11. In addition to this, the argument advanced by the learned senior counsel in support of his case was that every order of every court is discretionary in nature. The attention of this court was brought to the Sections 205/273/317 CrPC and it was stated that the condition for prior permission of the trial court can be understood only with regard to the necessity of ensuring the presence of the respondent in court during the hearing. Otherwise, the Courts are to be very liberal and generous in granting exemption from personal appearance and such presence should not be insisted upon unless the presence of the accused is absolutely necessary in the proceedings. In this behalf, the judgments of Gopal Ram and Ors. v. State of Rajasthan and Anr. 1994 (3) Crimes 559 (Raj), Ramesh Chandra Lath v. State of Orissa 1992 Cri.L.J. 2263 and Feroze Khatoon v. State of Jharkhand 2004 Cri.L.J. 1457 (Jhar) were relied on by the learned senior counsel. It was submitted that dispensing with the presence of the accused cannot be considered as modification of the order of bail or affecting the order of the bail but it is only a discretion exercised within the bail order itself. Such discretion exercised by the learned magistrate cannot be considered as an order resulting in culmination of any part of the proceedings.
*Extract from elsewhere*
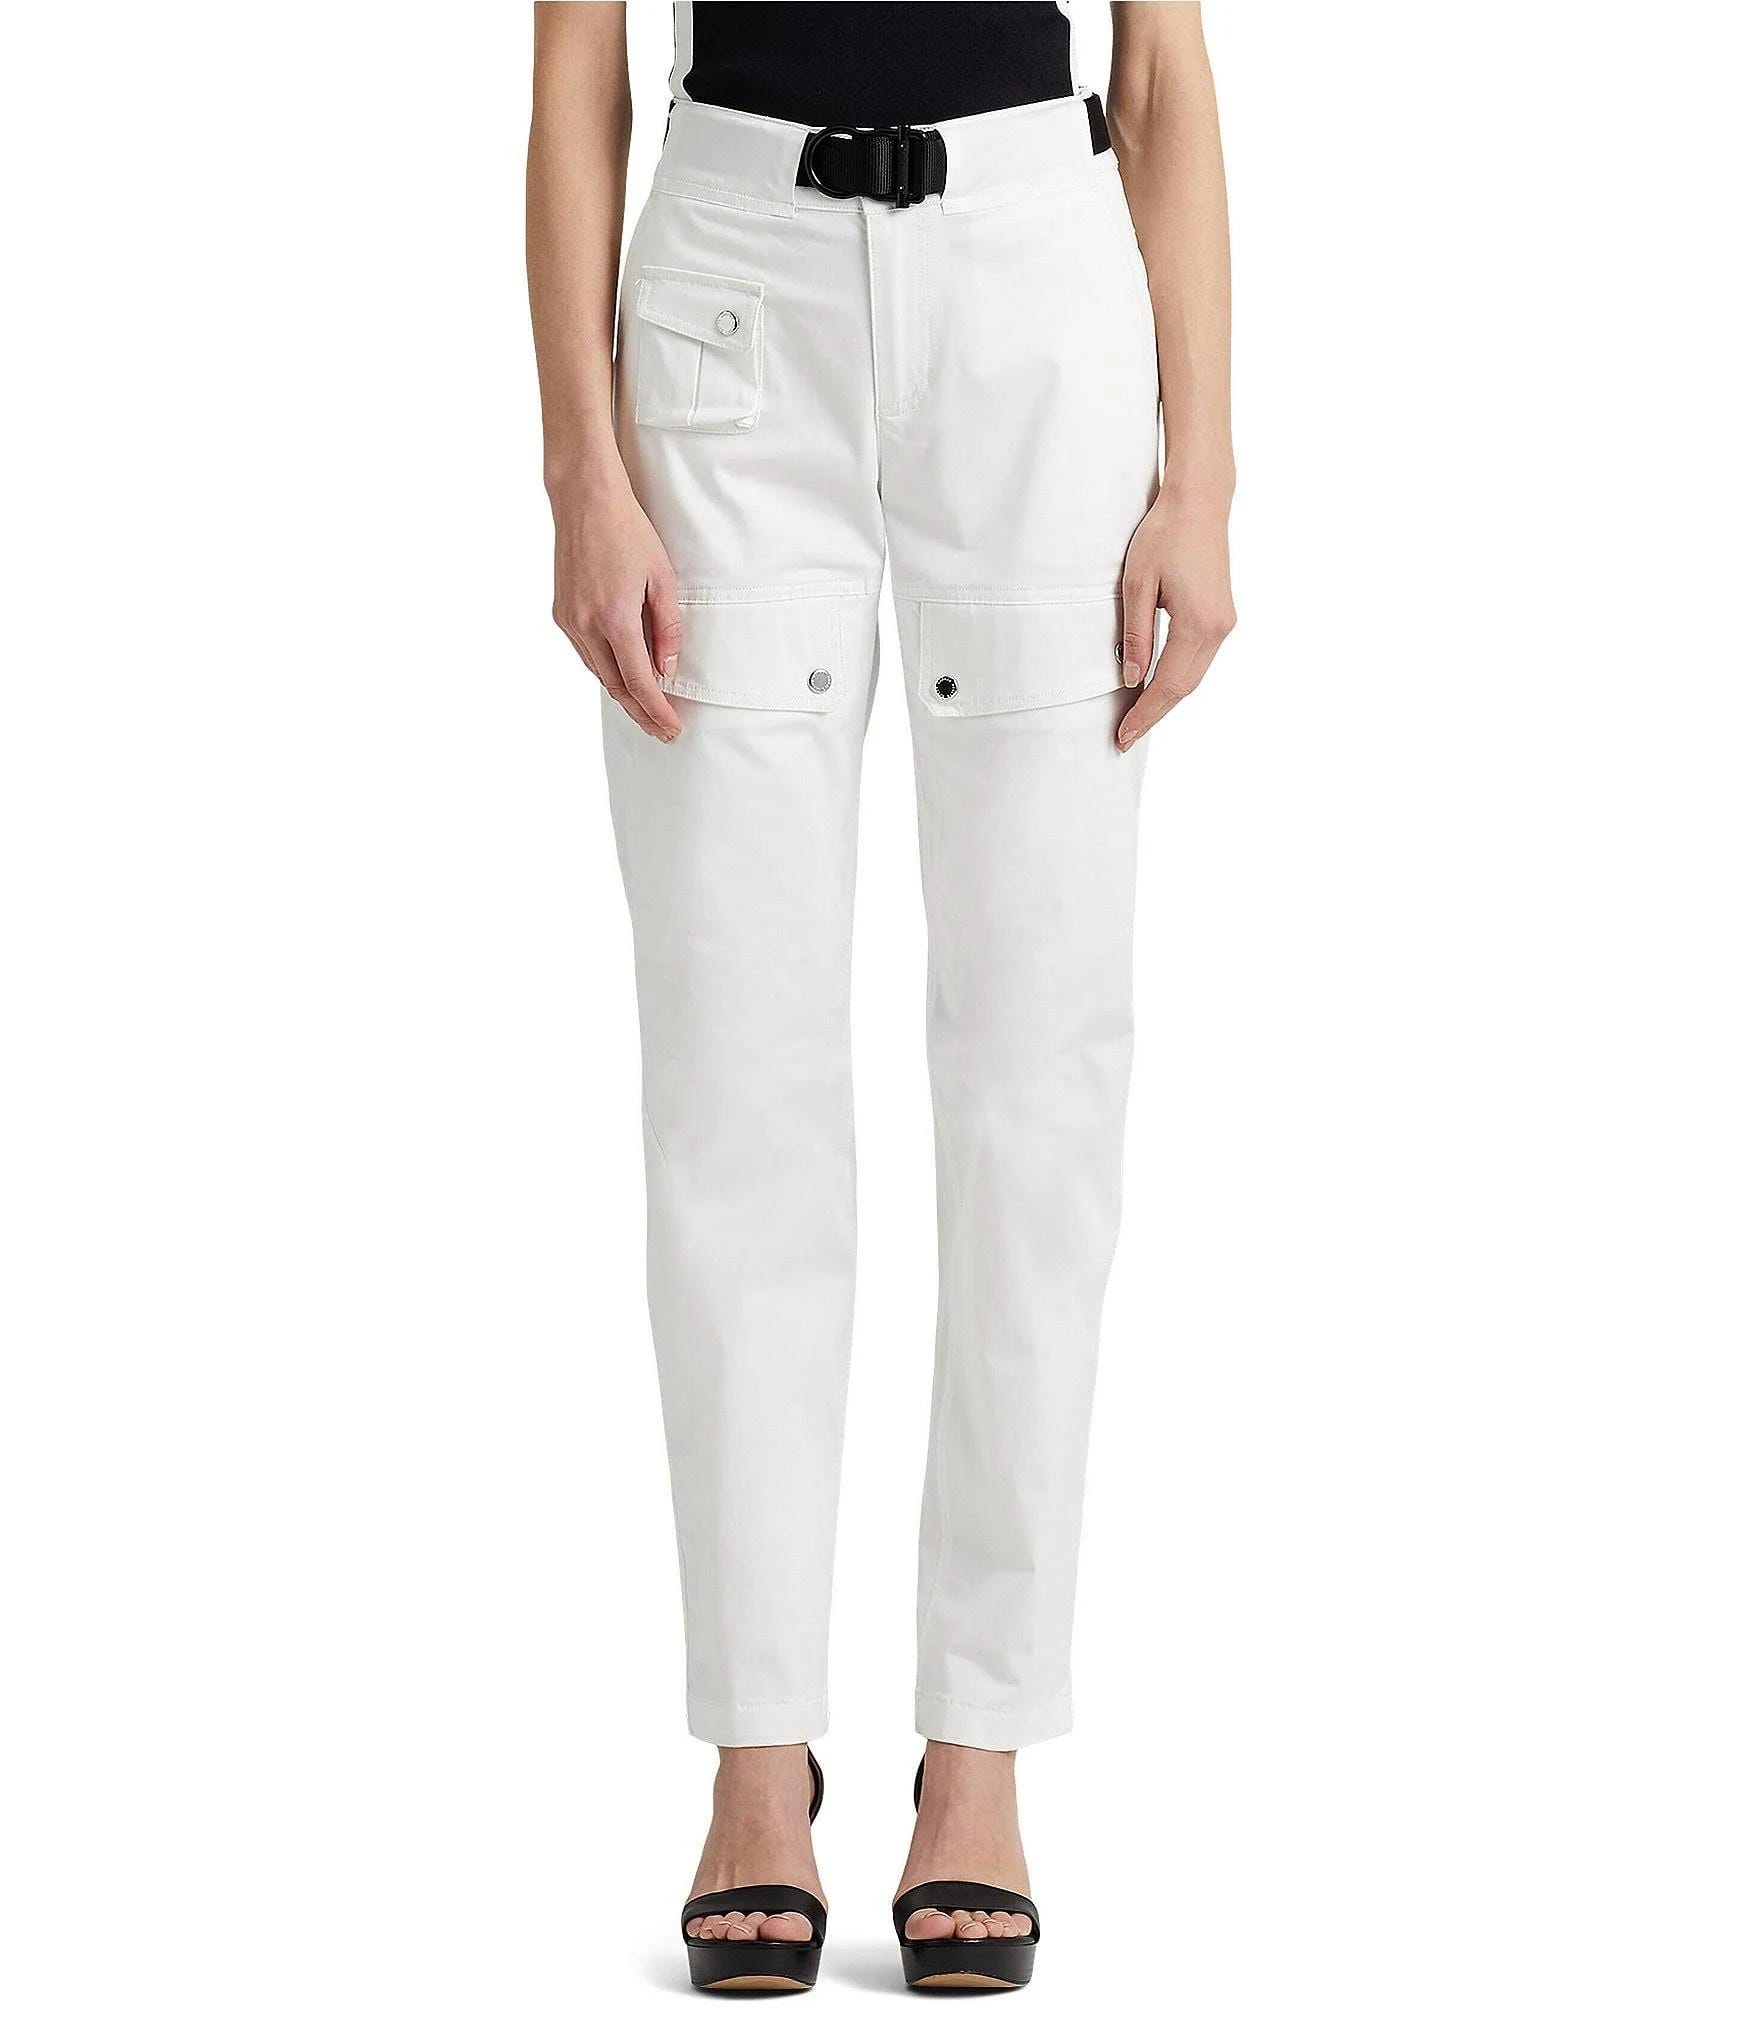 Luxurious White Sateen Cargo Pants with Belted Design | Image

12. It is also stated that the right to travel abroad can only be curtailed under the Passports Act, 1967 (in short the said Act) under Section 6(2)(f) read with Sections 10 and 11 of the said Act and that these provisions are the complete Code to restrict travels abroad and no separate action has been taken in this behalf against the respondent.
13. To counter the line of reasoning forwarded by the learned ASG for the petitioners in respect of the petitions being treated as ones under Section 482 of the Code, the learned senior counsel for the respondent has put forth the rulings of the Apex Court in Hira Lal Hari Lal Bhagwati v. CBI wherein the decision of G. Sagar Suri and Anr. v. State of U.P. and Ors. followed and the relevant portion of the same has been reproduced below:
Jurisdiction under Section 482 of the Code has to be exercised with great care. In exercise of its jurisdiction the High Court is not to examine the matter superficially. It is to be seen if a matter, which is essentially of a civil nature, has been given a cloak of criminal offence. Criminal proceedings are not a short cut of other remedies available in law. Before issuing process a criminal court has to exercise a great deal of caution. For the accused, it is a serious matter. The Supreme Court has laid certain principles on the basis of which the High Court is to exercise its jurisdiction under Section 482 of the Code (State v. Bhajan Lal 1992 Supp (1) SCC 335). Jurisdiction under this section has to be exercised to prevent abuse of the process of any court or otherwise to secure the ends of justice. Merely because the accused persons had already filed an application in the Court of Additional Judicial Magistrate for the discharge, it cannot be urged that the High Court cannot exercise its jurisdiction under Section 482 of the Code. Though the Magistrate trying a case has jurisdiction to discharge the accused at any stage of the trial if he considers the charge to the be groundless but that does not mean that the accused cannot approach the High Court under Section 482 of the Code or Article 227 of the Constitution to have the proceeding quashed against them when no offence has been out against them and still why must they undergo the agony of a criminal trial.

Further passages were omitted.